De onderstaande recensie van De geestverwantschap komt uit 2002.

God aan de telefoon

‘Er zit een alfareceptor in de palm van de linkerhand.’ Dat is even schrikken als je het eerste hoofdstuk van De geestverwantschap leest. Welk zweverig wereldidee zit daar achter? Als je verder leest blijkt de Brit David Mitchell een rare hink-stap-sprong te maken door allerlei geestelijke werelden, met verschillende personages die toch op de een of andere manier met elkaar verbonden zijn. Fascinerende literatuur waar hij terecht een Booker Prizenominatie voor kreeg.

De eerste hoofdpersoon is lid van een geheimzinnige sekte, die de Tokiose metro bestookt met gifgas. Een man die denkt via ‘alfagolven’ te kunnen communiceren met zijn grote leider, terwijl hij op de vlucht is voor de politie.

In het tweede hoofdstuk is er een totaal andere hoofdpersoon, een jonge vent die in een platenwinkel verliefd wordt op een meisje. Dat hele hoofdstuk gaat over de langzaam ontluikende liefde tussen die twee. Ook daar speelt de geest een rol, maar meer in de directe zin dat mensen op het eerste gezicht een verwantschap kunnen voelen. Elk verhaal dat volgt heeft een steeds andere hoofdfiguur en speelt in een totaal andere omgeving en vertelt een compleet ander verhaal.
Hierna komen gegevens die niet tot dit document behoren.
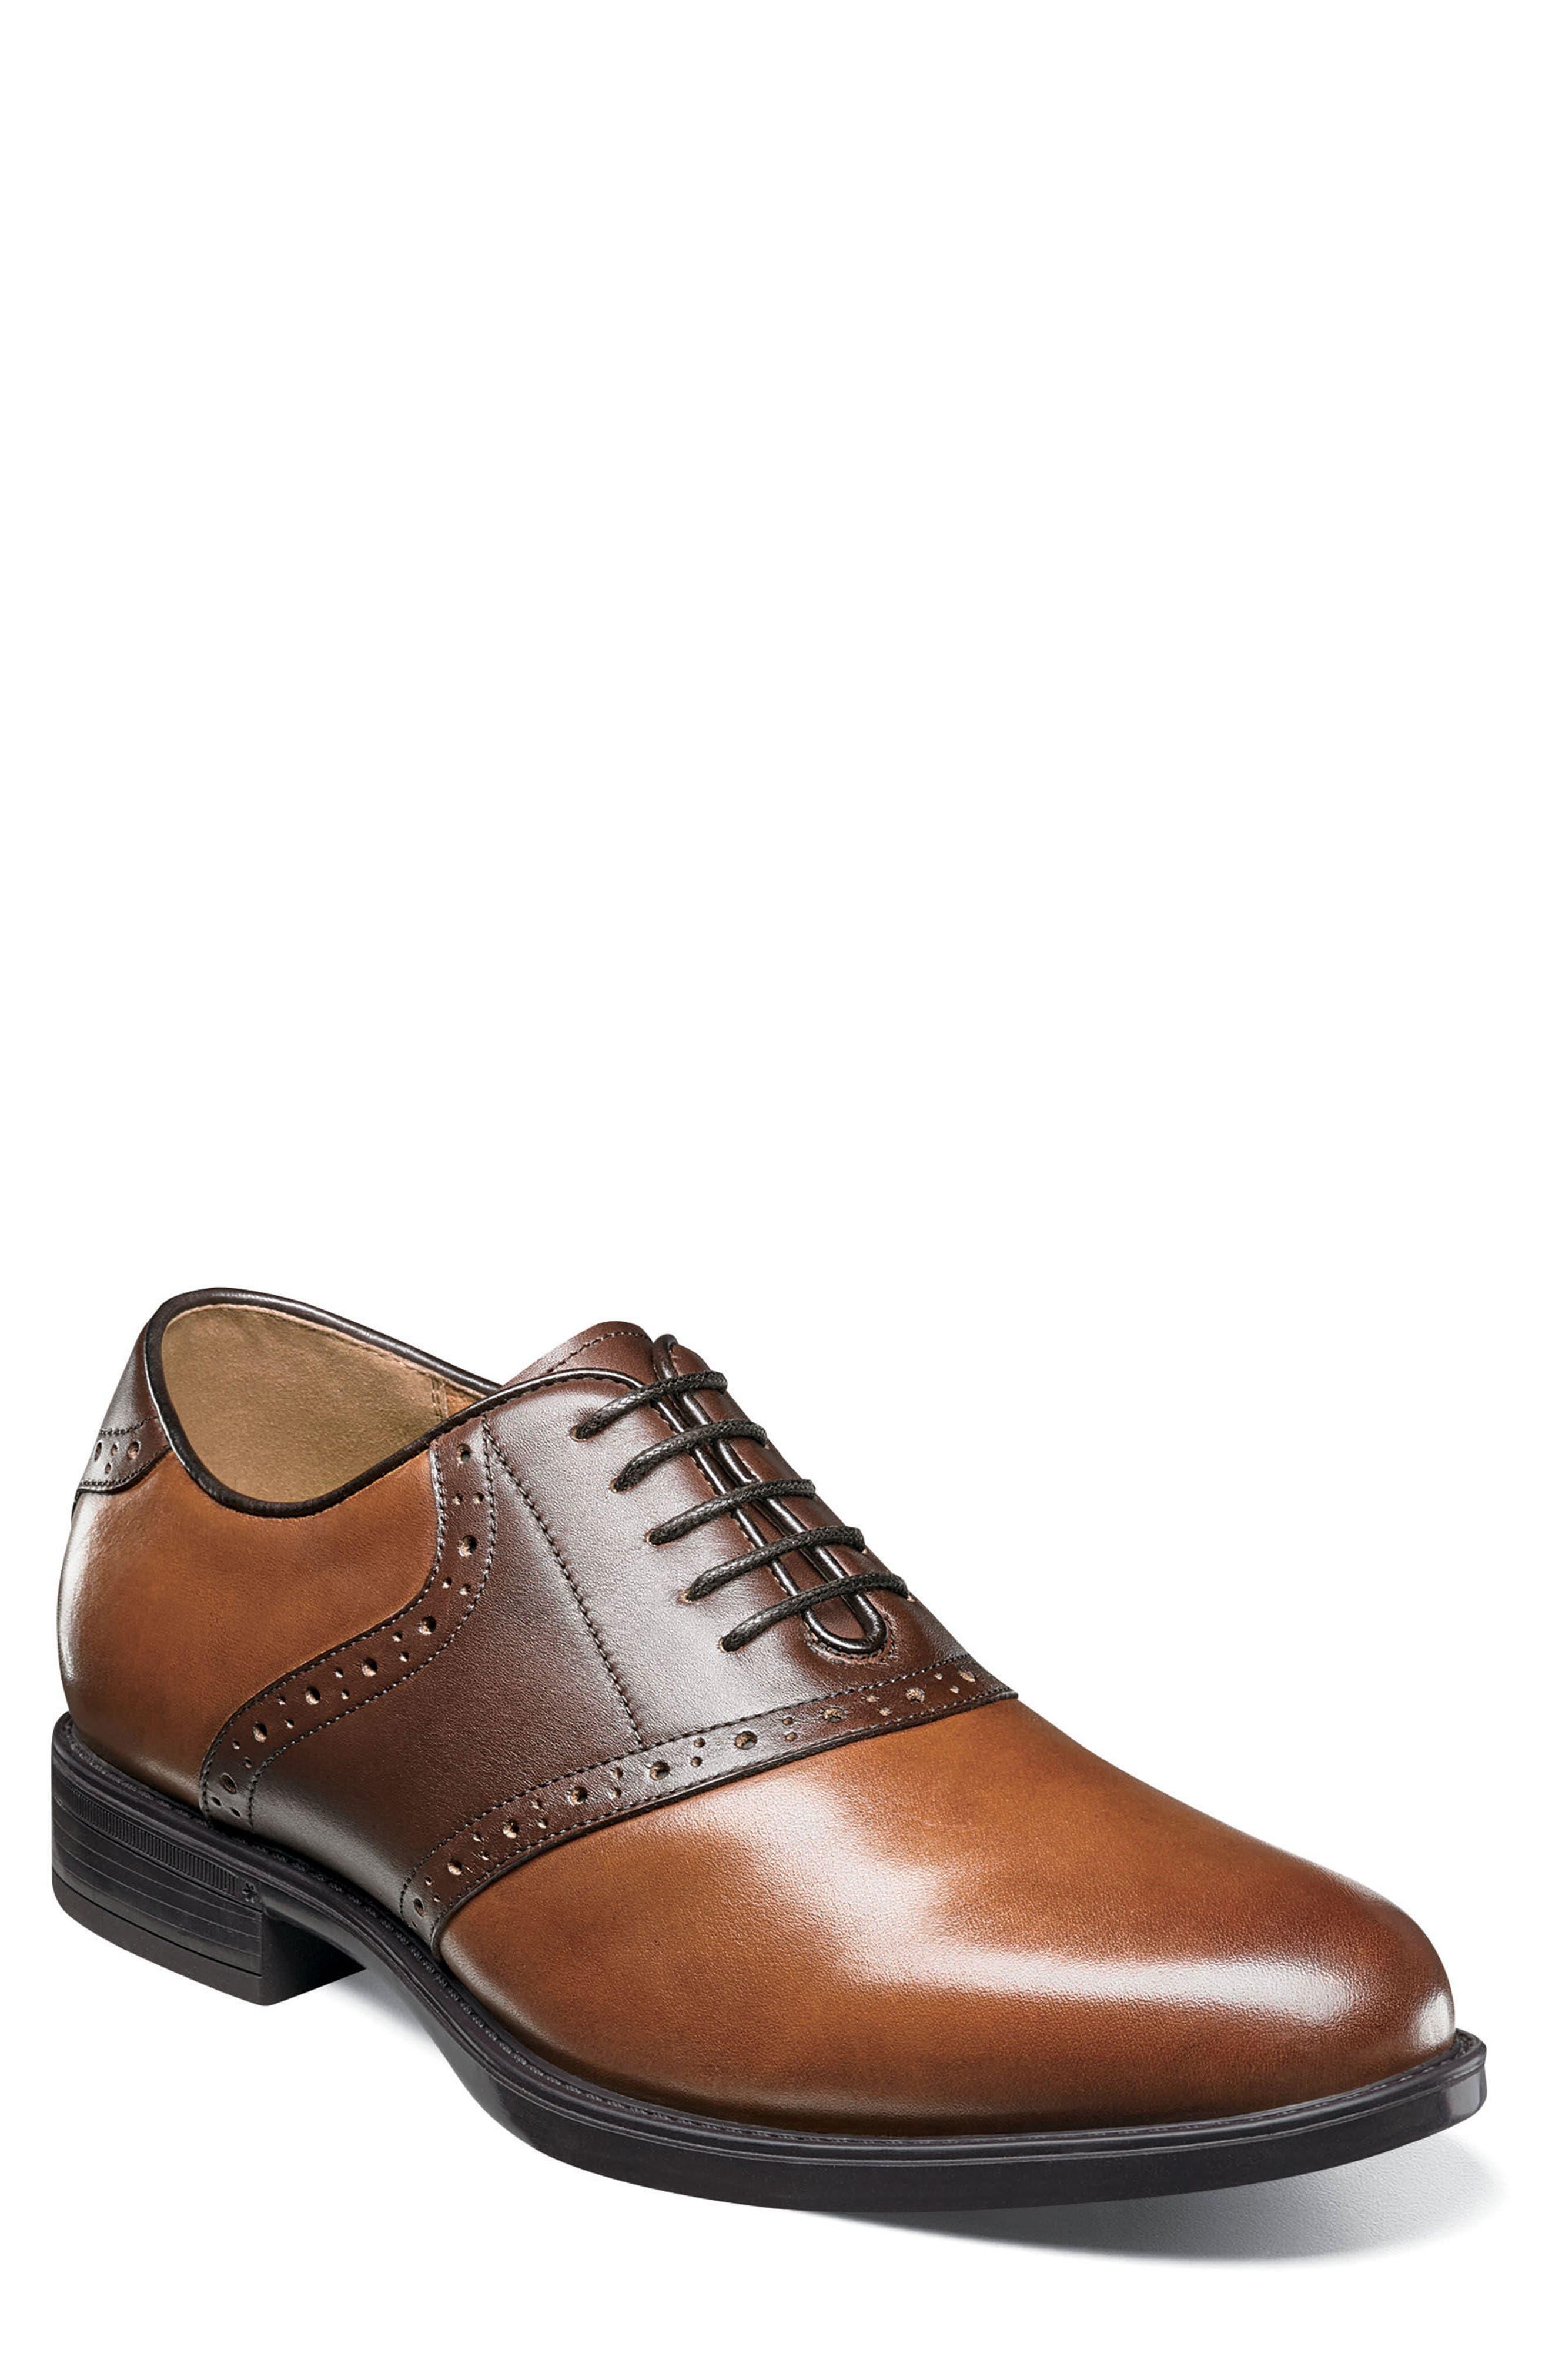 Midtown Saddle Oxford,                             Main thumbnail 1, color,                             Cognac Multi

Je zou De geestverwantschap dan ook eerder een mooie verhalenbundel kunnen noemen dan een roman, ware het niet dat de personages weer bijrollen krijgen in de andere verhalen. De jongen uit de platenwinkel heeft toevallig het sektelid aan de telefoon; in het derde hoofdstuk loopt er toevallig een verliefd paartje ergens voorbij waarin we de jongen en het meisje uit het vorige hoofdstuk weer herkennen. En dat gaat zo maar door.
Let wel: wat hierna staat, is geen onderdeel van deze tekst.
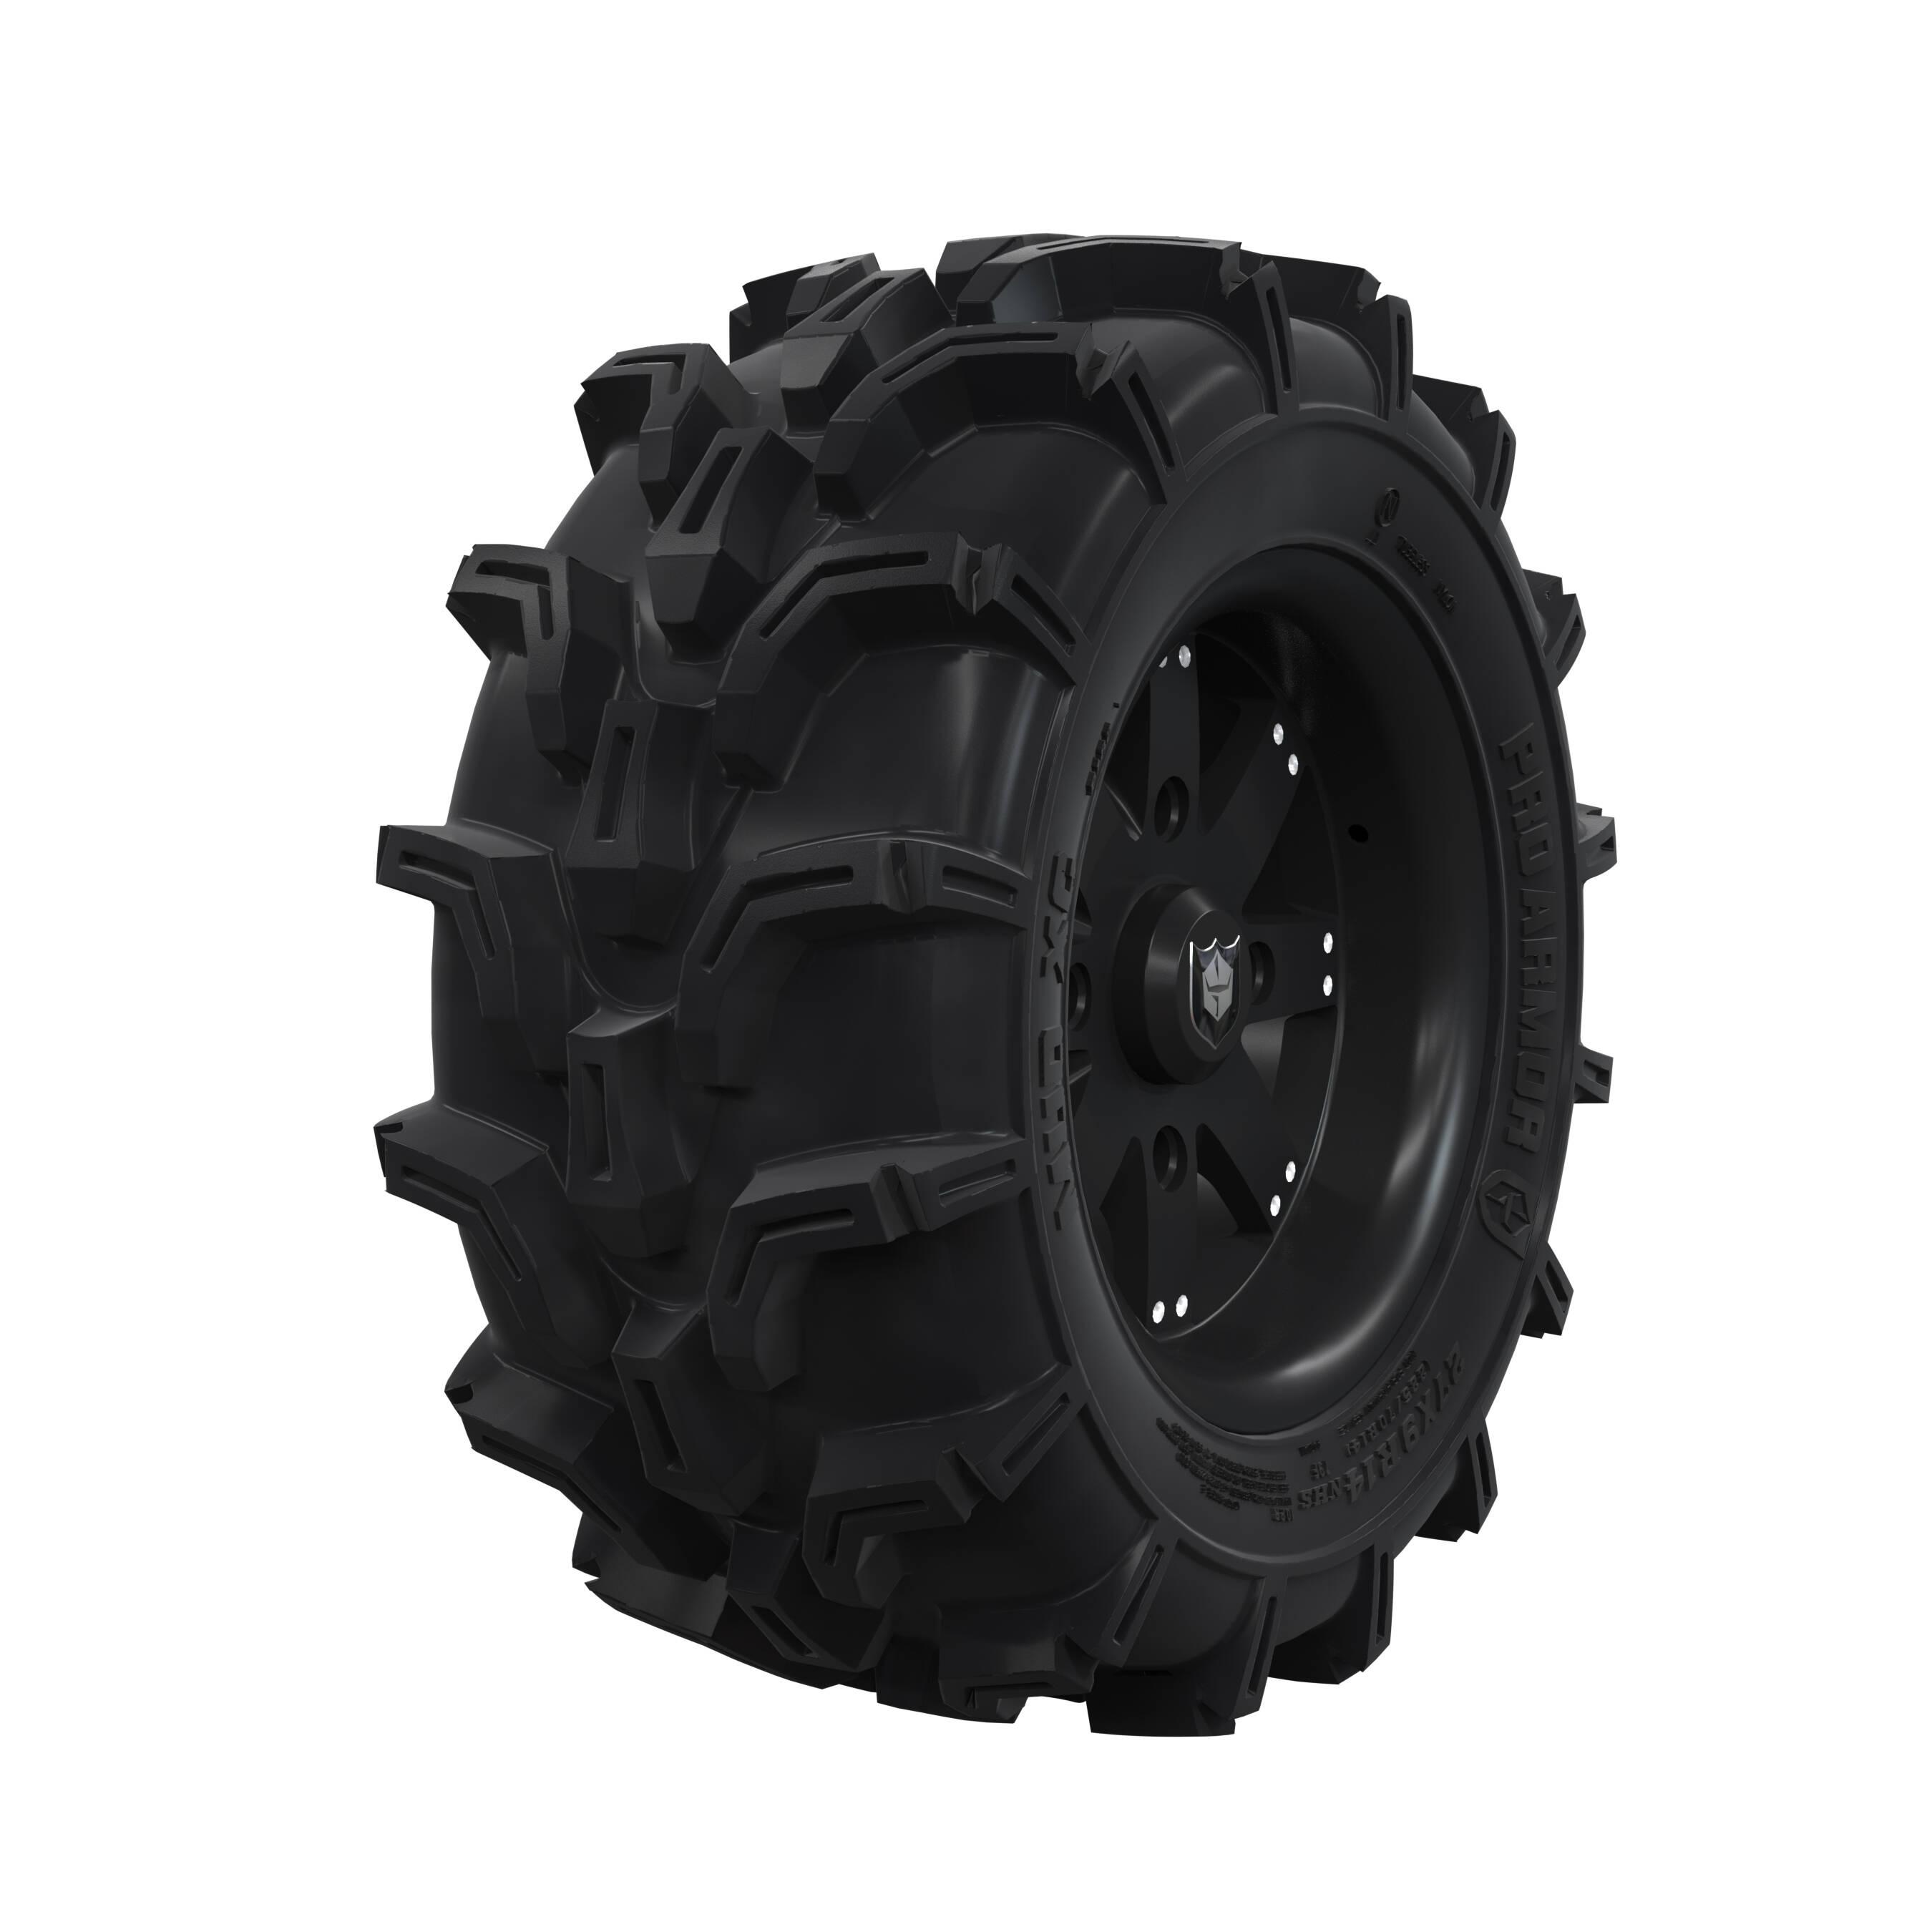 "Pro Amor® Wheel & Tire Set: Mud XC - Amplify - Matte Black - 27""R14"

Het vergt van de lezer wel een open houding. Soms zit je met sciencefictionachtige alfagolven, dan weer in een boeddhistische geesteswereld en in één hoofdstuk is zelfs een geest op zoek naar een lichaam. En je moet tot het uiterste gaan om te geloven in het personage dat alleen via de telefoon in een radiotalkshow in Amerika aan het woord komt en later een soort god blijkt te zijn die de toestand in de wereld kan besturen.

Het enige advies kan dan zijn: gooi alle argwaan over geloofwaardigheid over boord. Geloof binnen het kader van de roman in alle personages, laat je leiden langs alle denkbare geestelijke werelden en je reist via Hong Kong, Mongolië en Londen over de hele wereld. Fictie op topniveau.

Coen Peppelenbos

David Mitchell – De geestverwantschap. Vertaald door Aad van der Mijn. Querido, Amsterdam, 444 blz.

Deze recensie verscheen eerder op 4 oktober 2002 in de Leeuwarder Courant.